ЭВ: — Если говорить об опасности коррупции, то это использование бюджетных средств. Как показывают социологические исследования, коррупции наиболее подвержены такие области, как закупки для государственных муниципальных нужд. Это нецелевое использование бюджетных средств. Также это наиболее капиталоемкие отрасли, как строительство, жилищно-коммунальное хозяйство, те сферы, где крутятся серьезные бюджетные средства.

НК: — По-моему, 94-й федеральный закон, как раз, был и призван для того, чтобы снизить эту коррупционную составляющую в государственных закупках. Открытые аукционы, электронные торги. Однако практика показывает, что это не только не снижает эту составляющую, но и усиливает. Люди находят такие лазейки, о которых пять лет назад никто и знать не знал.

ЭВ: — Девяносто четвертый закон имел достаточно много недостатков, но нельзя закрывать глаза и на положительную сторону принятия этого закона. Прежде всего, принятие этого закона позволило в какой-то мере упорядочить сферу государственных муниципальных закупок. До этого ведь вообще не было никаких правил. Практика применения 94-го закона показала и его слабые стороны. В начале были предприняты меры по изменениям в этот закон, а затем и по разработке нового закона, который принят Государственной думой, о федеральной контрактной системе.
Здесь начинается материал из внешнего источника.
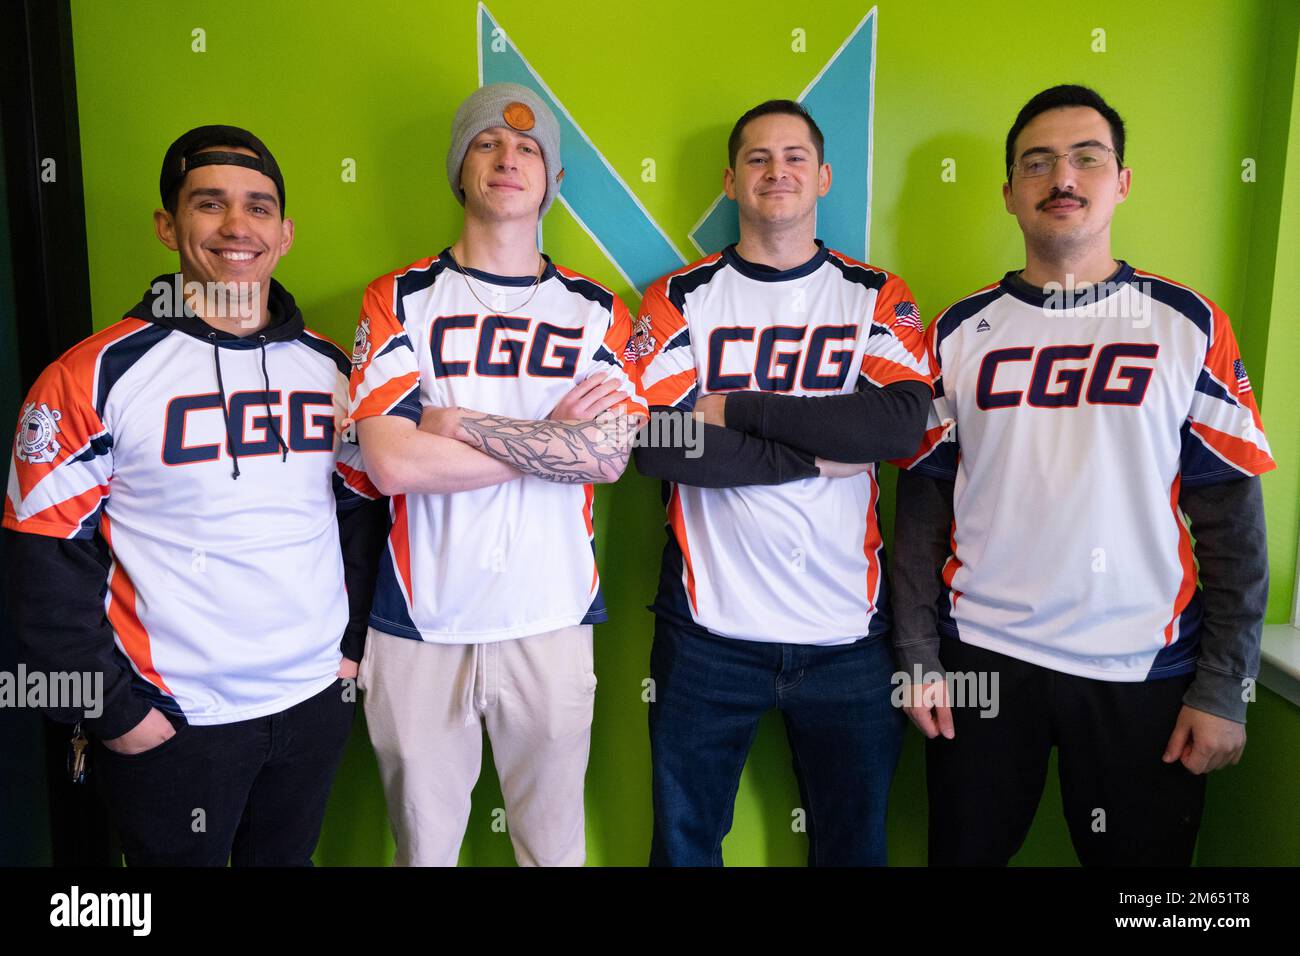 Petty Officer 2nd Class Claudio Giugliano, Petty Officer 3rd Class Reece Womick, Petty Officer 1st Class Alex Alfonso and Petty Officer 1st Class Micahel Lopez, members of the US Coast Guard Rocket League Team, pose for a team photo at Metro Esports in Warminster, Pennsylvania, April 2, 2022. The team competed in the first Coast Guard-sponsored esports event, held by Philly Esports and Metro Gaming. Stock Photo

Этот закон и призван устранить недостатки, которые были в 94-м законе, и повысить эффективность государственных закупок.

НК: — А нельзя изначально принимать законопроект на такой стадии, чтобы уже не вносить туда поправок? Ведь ваш комитет как раз и занимается тем, что просчитывает все коррупционные риски будущих законов.
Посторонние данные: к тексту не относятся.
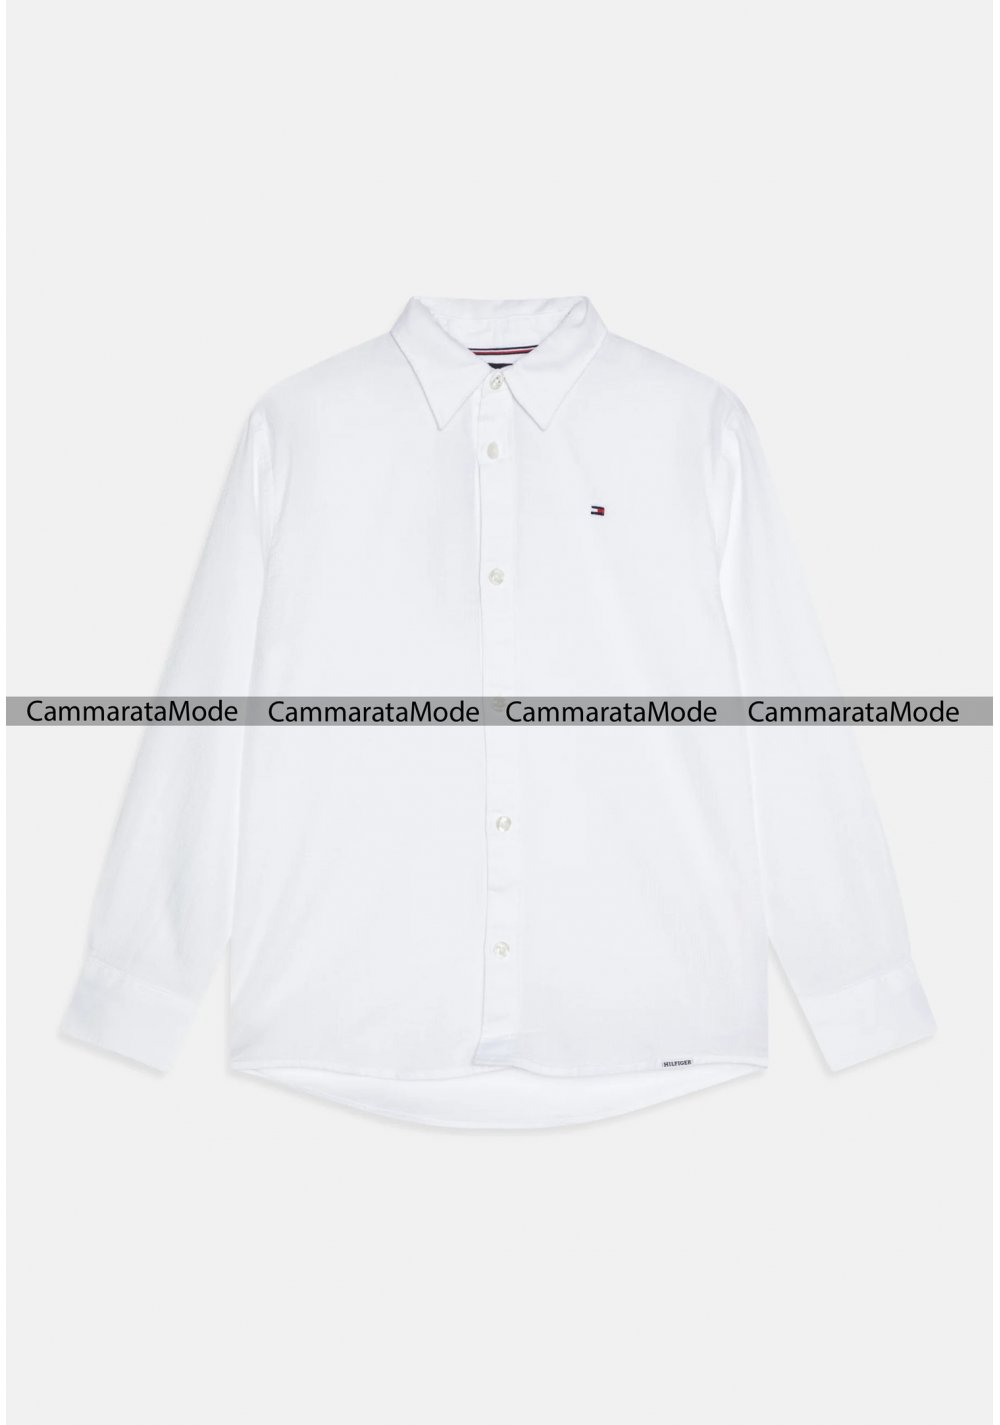 Tommy Hilfiger bambini SOLID - Camicia bianca in cotone

ЭВ: — Закон об антикоррупционной экспертизе нормативно-правовых актов и их проектов появился только в 2009-м году. До этого не был установлен порядок, при котором законы подвергались бы подобной экспертизе. Эта беда и привела к тому, что во многих нормативных актах содержались коррупциогенные факторы. Почему это не было сделано сразу? Опыт государственного строительства новой России все эти двадцать лет только вырабатывался. Законы, которые принимаются сейчас, уже лишены тех недостатков, которые были в 90-е годы и в начале 2000-х годов.

НК: — Еще лет 15−20 назад самыми коррупционными профессиями считались судьи, врачи и учителя. Наверняка вам знакома эта статистика. Мы начинаем бороться с этим явлением. Судьям мы повышает зарплату, причем кратно. Но при этом ни врачей, ни учителей это повышение не касается. И как там процветала так называемая бытовая коррупция, так и процветает. Как нищенствовали учителя и врачи, так и нищенствуют. Более того, буквально несколько дней Верховный суд Российской Федерации рассмотрел проект о коррупционных преступлениях и постановил не считать взяткой плату за реализацию профессиональных навыков, например, за лечение пациентов или оказание образовательных услуг. И теперь под определение взятки будут попадать только деньги, которые мы даем учителям или врачам.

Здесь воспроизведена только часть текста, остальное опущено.